Is anyone else having this issue, or has had it in the past? Any suggestions on a fix?

Thanks in advance,
Andy


----------



## krkaufman (Nov 25, 2003)

The obvious thing to try is also the most brutal, a Clear & Delete Everything reset of the DVR. More of a "last straw" item, since it would snuff all recordings and settings.

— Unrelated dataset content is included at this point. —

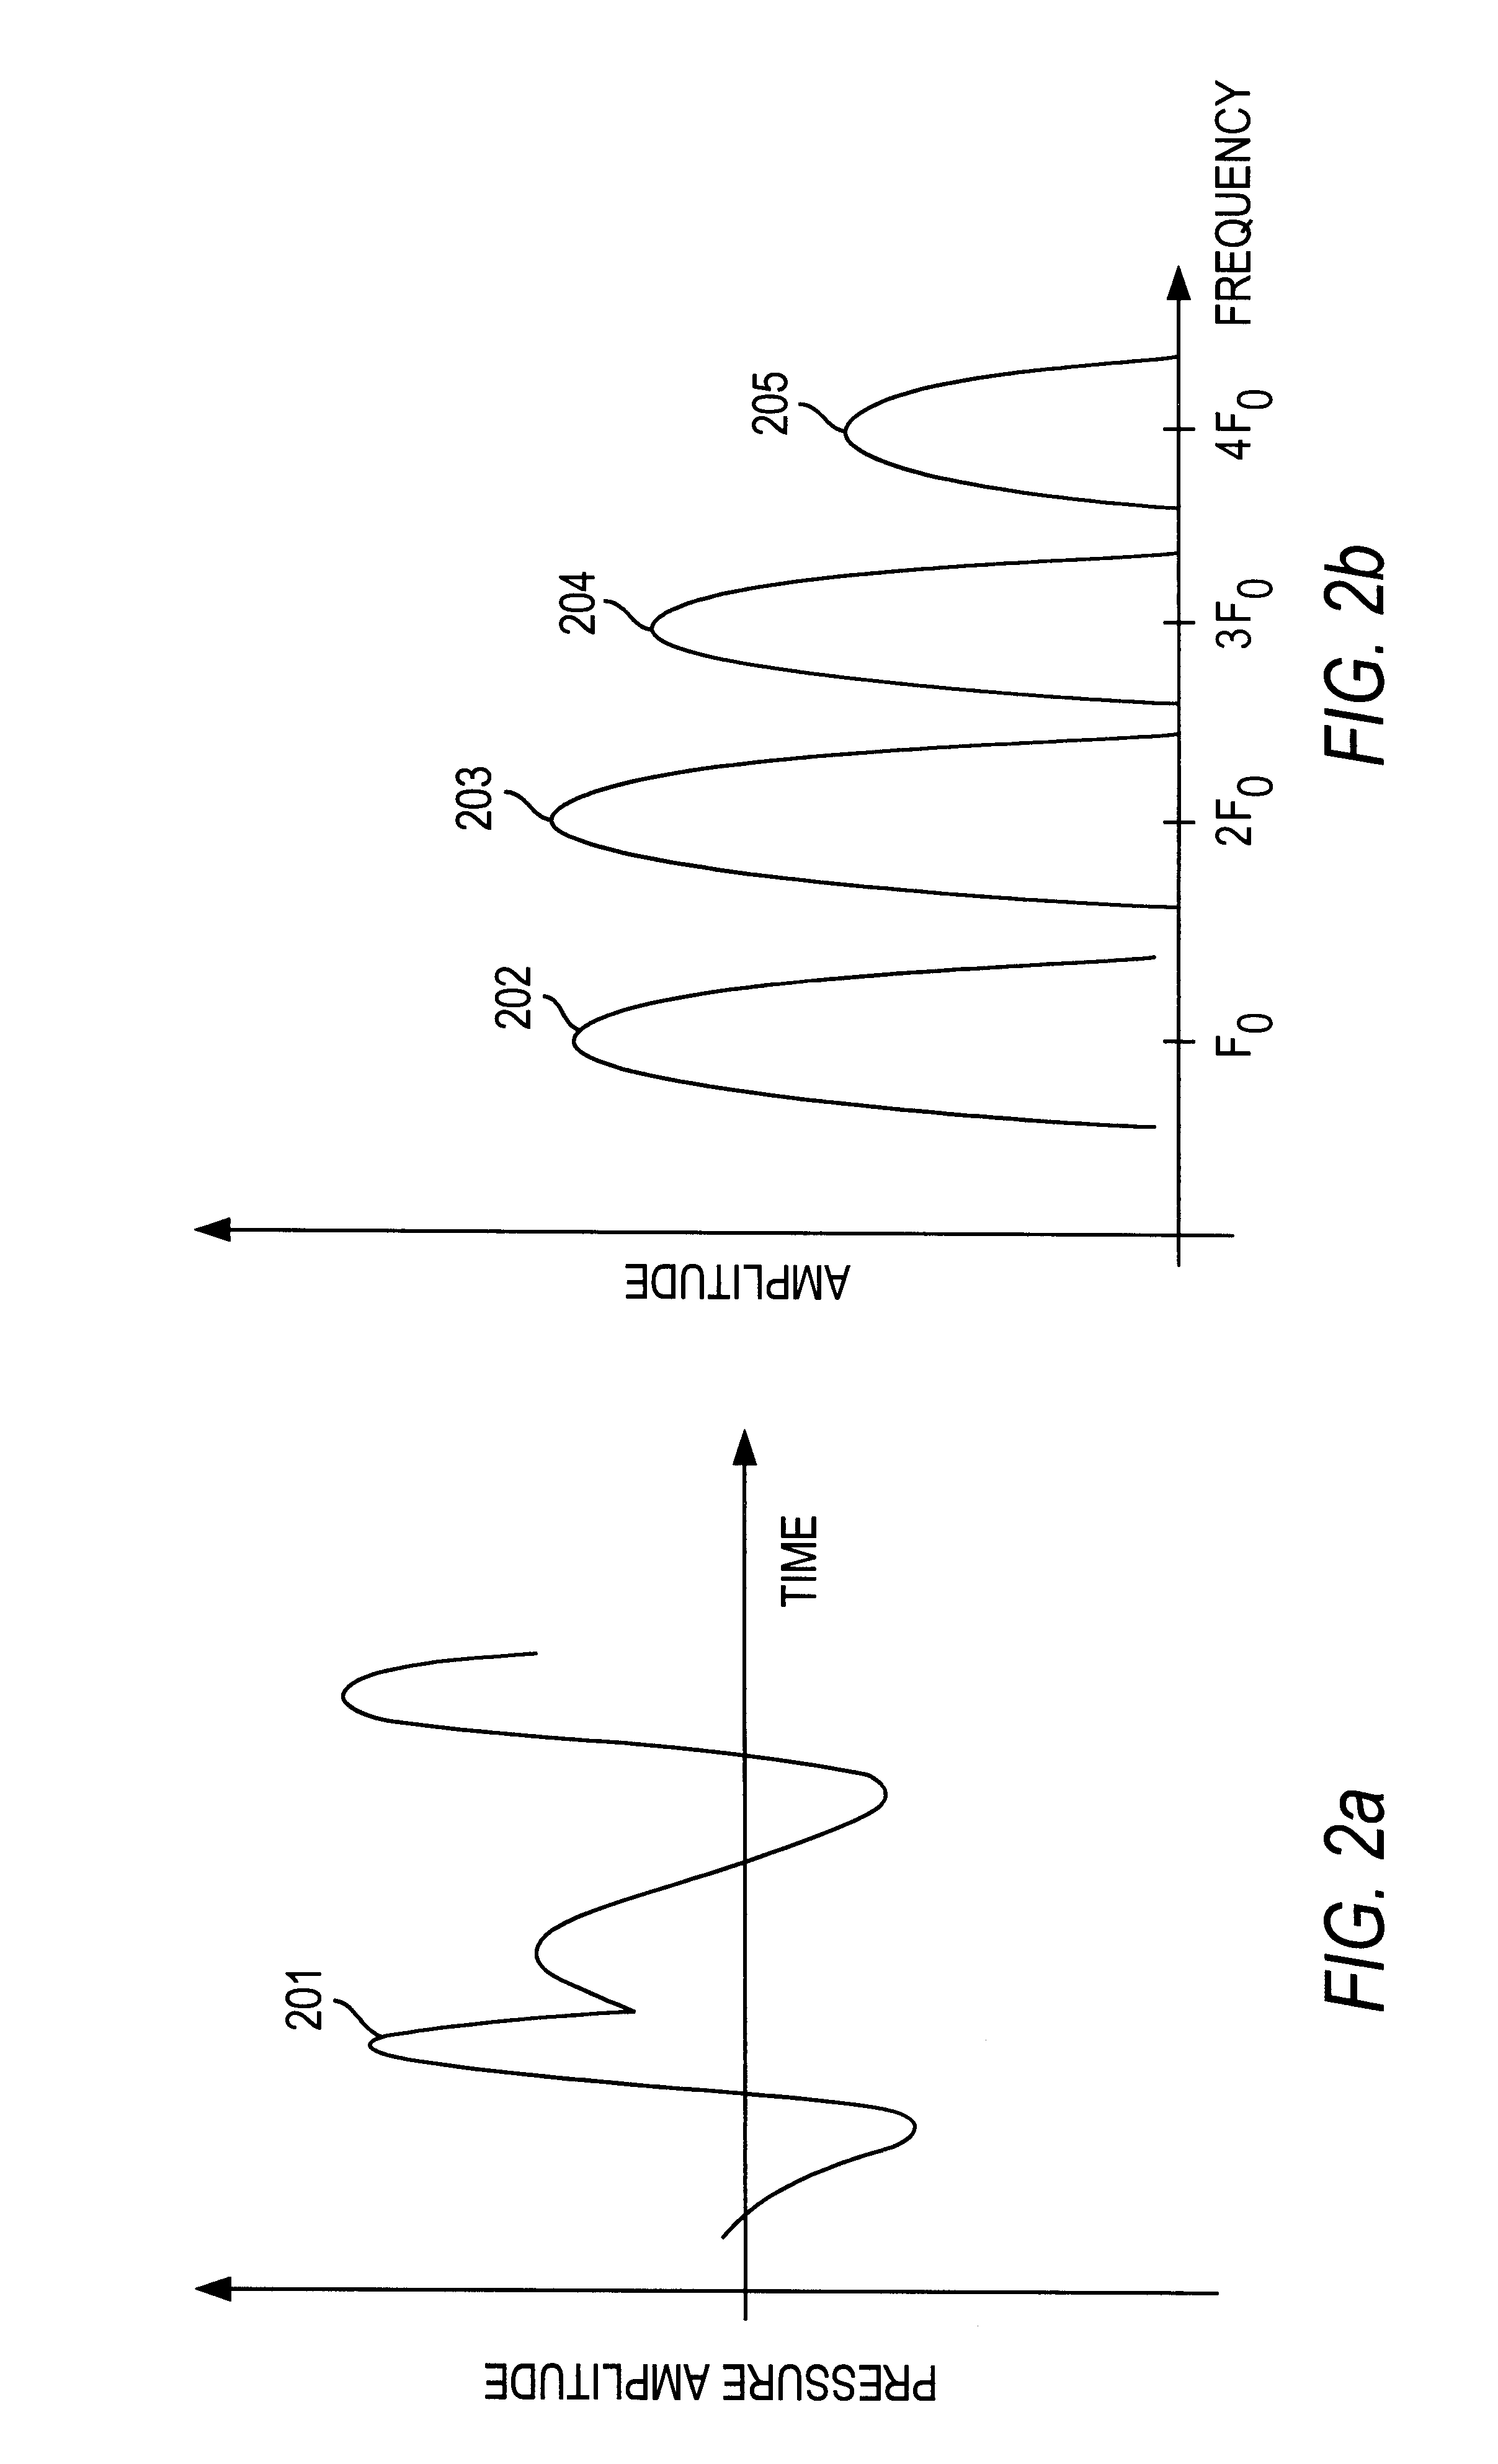 Method of detecting ultrasound contrast agent in soft tissue, and quantitating blood perfusion through regions of tissue

_(Copy-able recordings can be transferred to the other DVR prior, and OnePasses and some other settings can be backed-up and restored using KMTTG.)_


----------



## ando1 (Mar 17, 2009)

krkaufman said:


> The obvious thing to try is also the most brutal, a Clear & Delete Everything reset of the DVR. More of a "last straw" item, since it would snuff all recordings and settings.
> 
> _(Copy-able recordings can be transferred to the other DVR prior, and OnePasses and some other settings can be backed-up and restored using KMTTG.)_


Thanks> I did try that on one of the Bolts a few weeks ago but it did not help.


----------



## tommiet (Oct 28, 2005)

I'm assuming you have a router.... Take your Bolt and connect it directly into your router. Unplug everything else. You should only have 2 connections. One to your Bolt and the other to your modem. Power off, back on the router. Wait about 1 min. Restart the Bolt. Test. If it works OK, start plugging in other stuff and find your network hog.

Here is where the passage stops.